The Aloha Community Library is a library serving the community of Aloha, Oregon, United States. It is governed by the Aloha Community Library Association (ACLA), which is registered as a non-profit organization in the State of Oregon  and a 501(c)(3). The library opened September 22, 2012.

History
The library originated from an idea within a local quasi-governmental community group called Citizen Participation Organization 6 (CPO-6), which encompasses the unincorporated areas of Aloha, Reedville and Cooper Mountain, in Washington County.

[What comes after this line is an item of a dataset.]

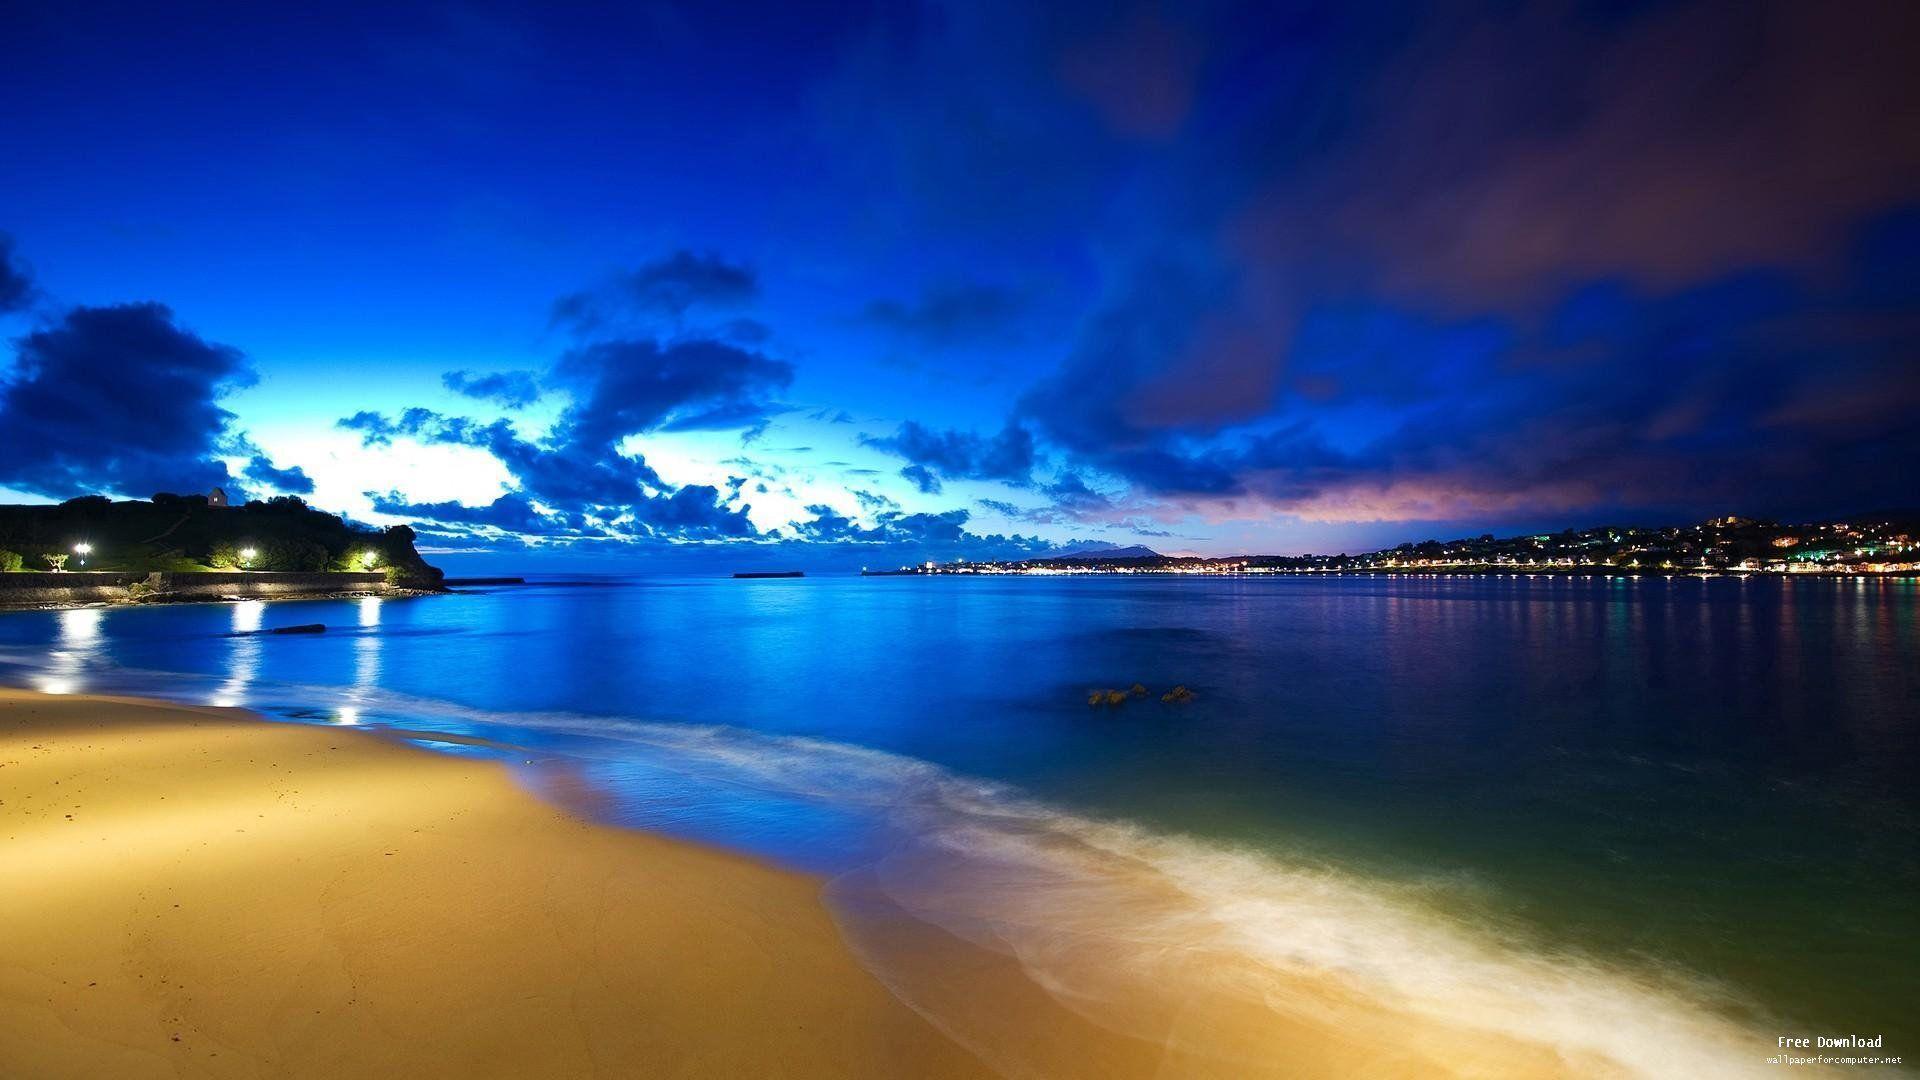 Beautiful Beaches Wallpapers

Aloha community activist and political entrepreneur Eric Squires was primarily responsible for the initial planning for the library, forming a work group within CPO-6. Squires also serves as one of nine on the board of directors, with Doug Hoy as the president of that board. The library is a citizen-initiated effort in an unincorporated urban area of Washington County surrounded by the cities of Beaverton to the east, and Hillsboro to the west. Washington County Planning Commissioner Anthony R. Mills was also involved with planning for the creation of the library.

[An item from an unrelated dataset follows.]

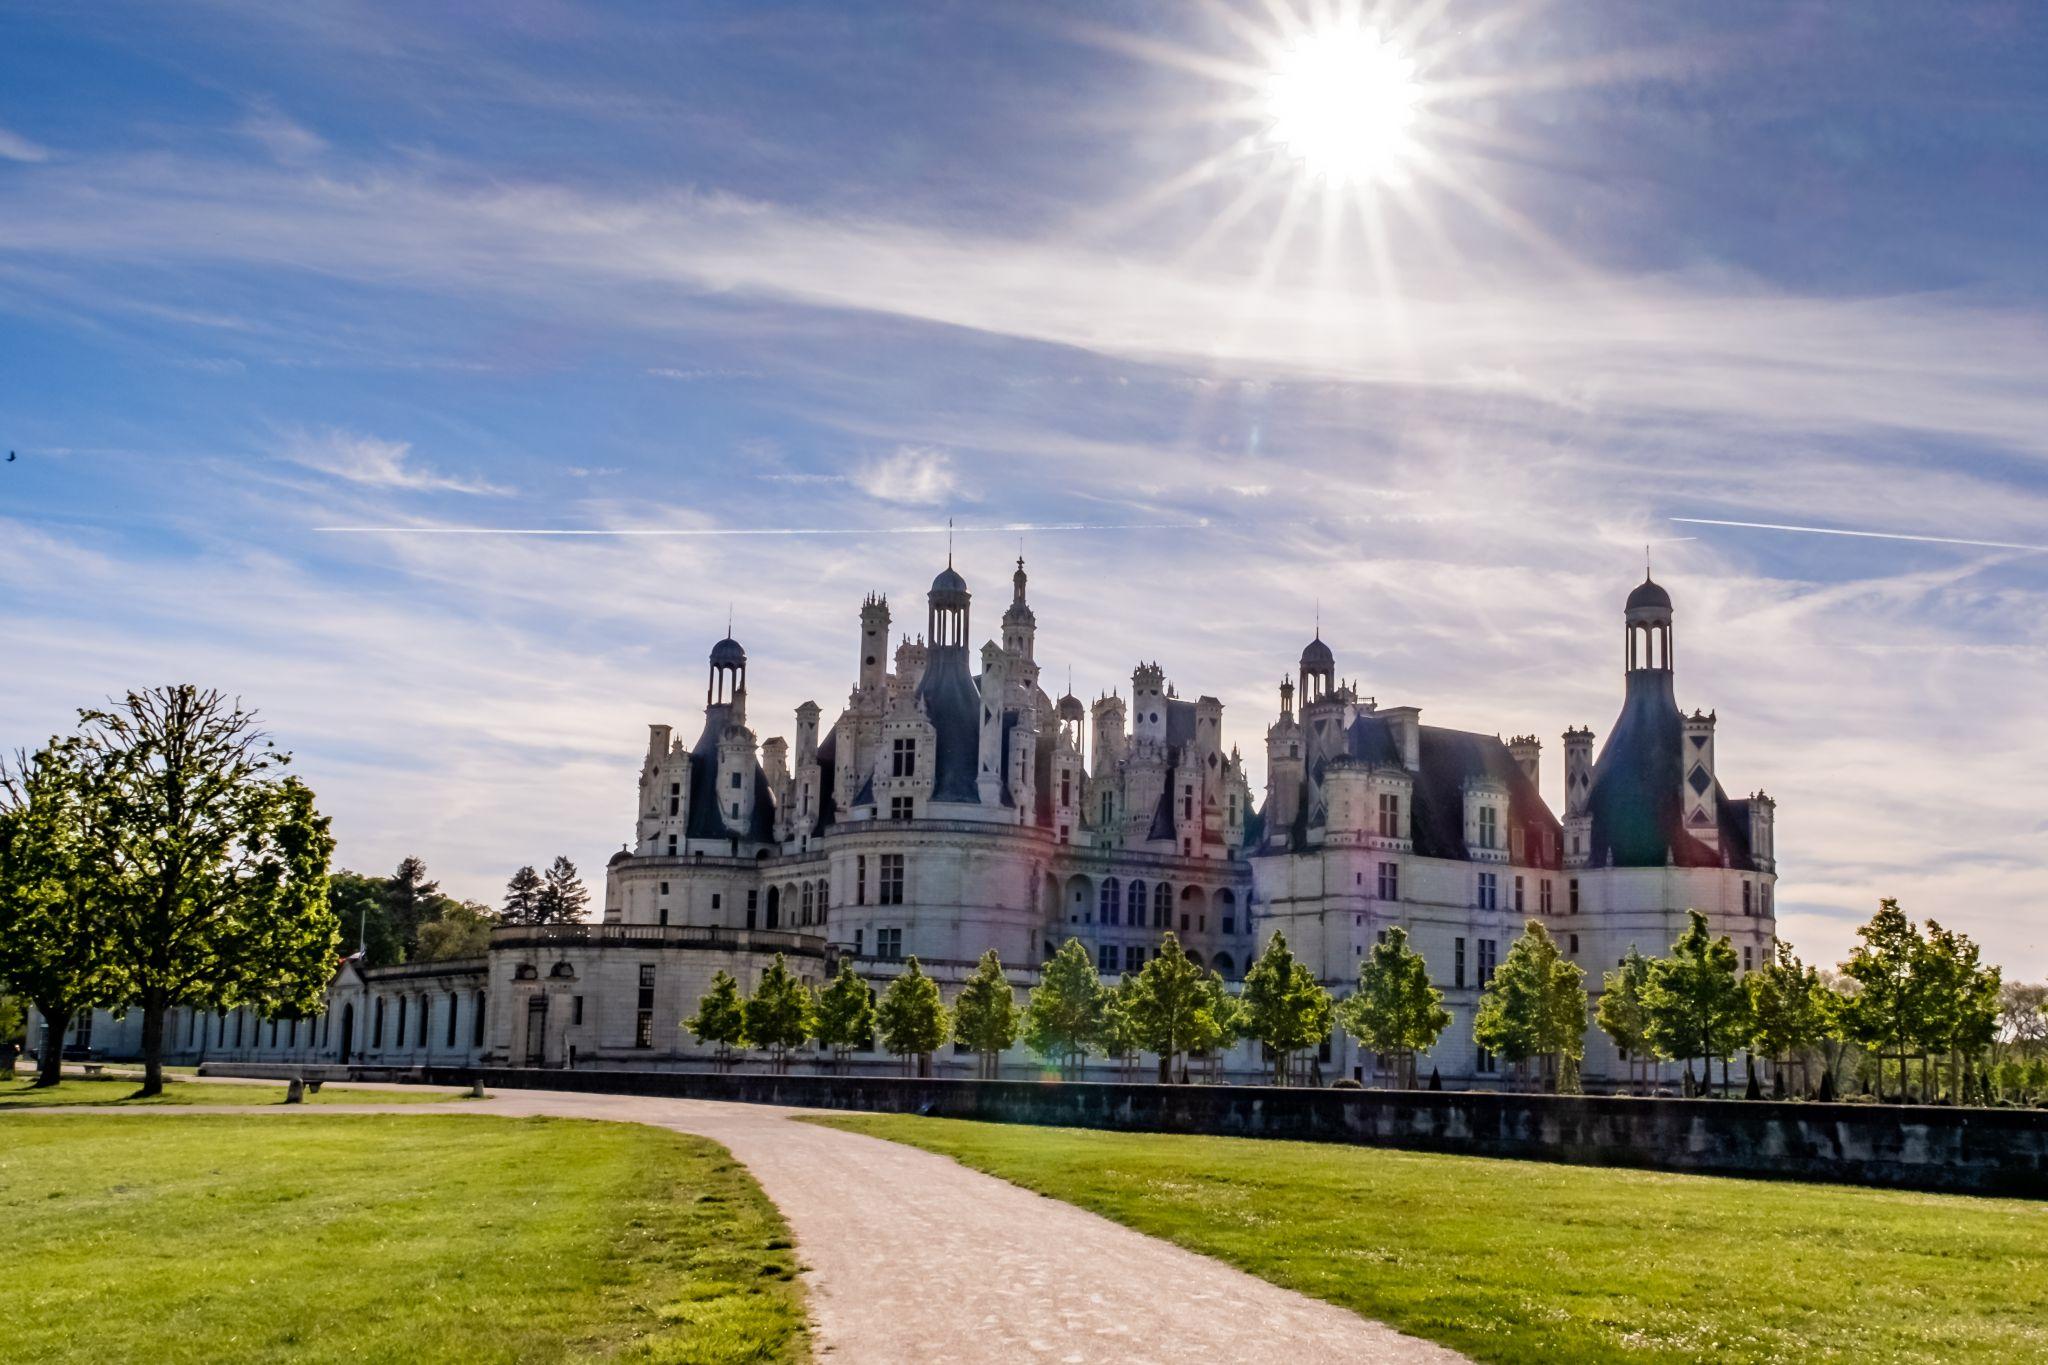 Alternate view of Chateau de Chambord, France

The library was opened in a  space within a strip mall on Farmington Road at Kinnaman Road anchored by Bales Thriftway. At the time of its opening, it had about 4,500 books, and a total collection of 6,000 items. The opening was attended by Congresswoman Suzanne Bonamici, County Commission Chair Andy Duyck, and Commissioner Dick Schouten. The Aloha Community Library also provides internet access, printing, DVDs, and a device assisting the vision impaired with optical magnification.

The library is currently a community library, as it is self-funded, but aspires to become part of Washington County Cooperative Library Services (WCCLS) in the 2015–2016 tax levy year, the first year the library might be eligible for admission to the WCCLS and the benefit of receiving financial support via a tax levy. The Aloha Community Library might transform into a public library at that point. Admission criteria for this transformation currently includes (as of 12-12-12) 40,000 annual item checkouts, 40 open hours per week, and certain paid staff in place. The library is currently open 37 hours per week, and admission to the WCCLS cooperative was recommended by the WCCLS Policy Group with the authority to determine efficacy of applicants.

In July 2013, the Washington County Commission approved $15,000 in county funds for preliminary design of a new library building. The library moved into a larger space in the same shopping center in April 2014, with the size increasing to .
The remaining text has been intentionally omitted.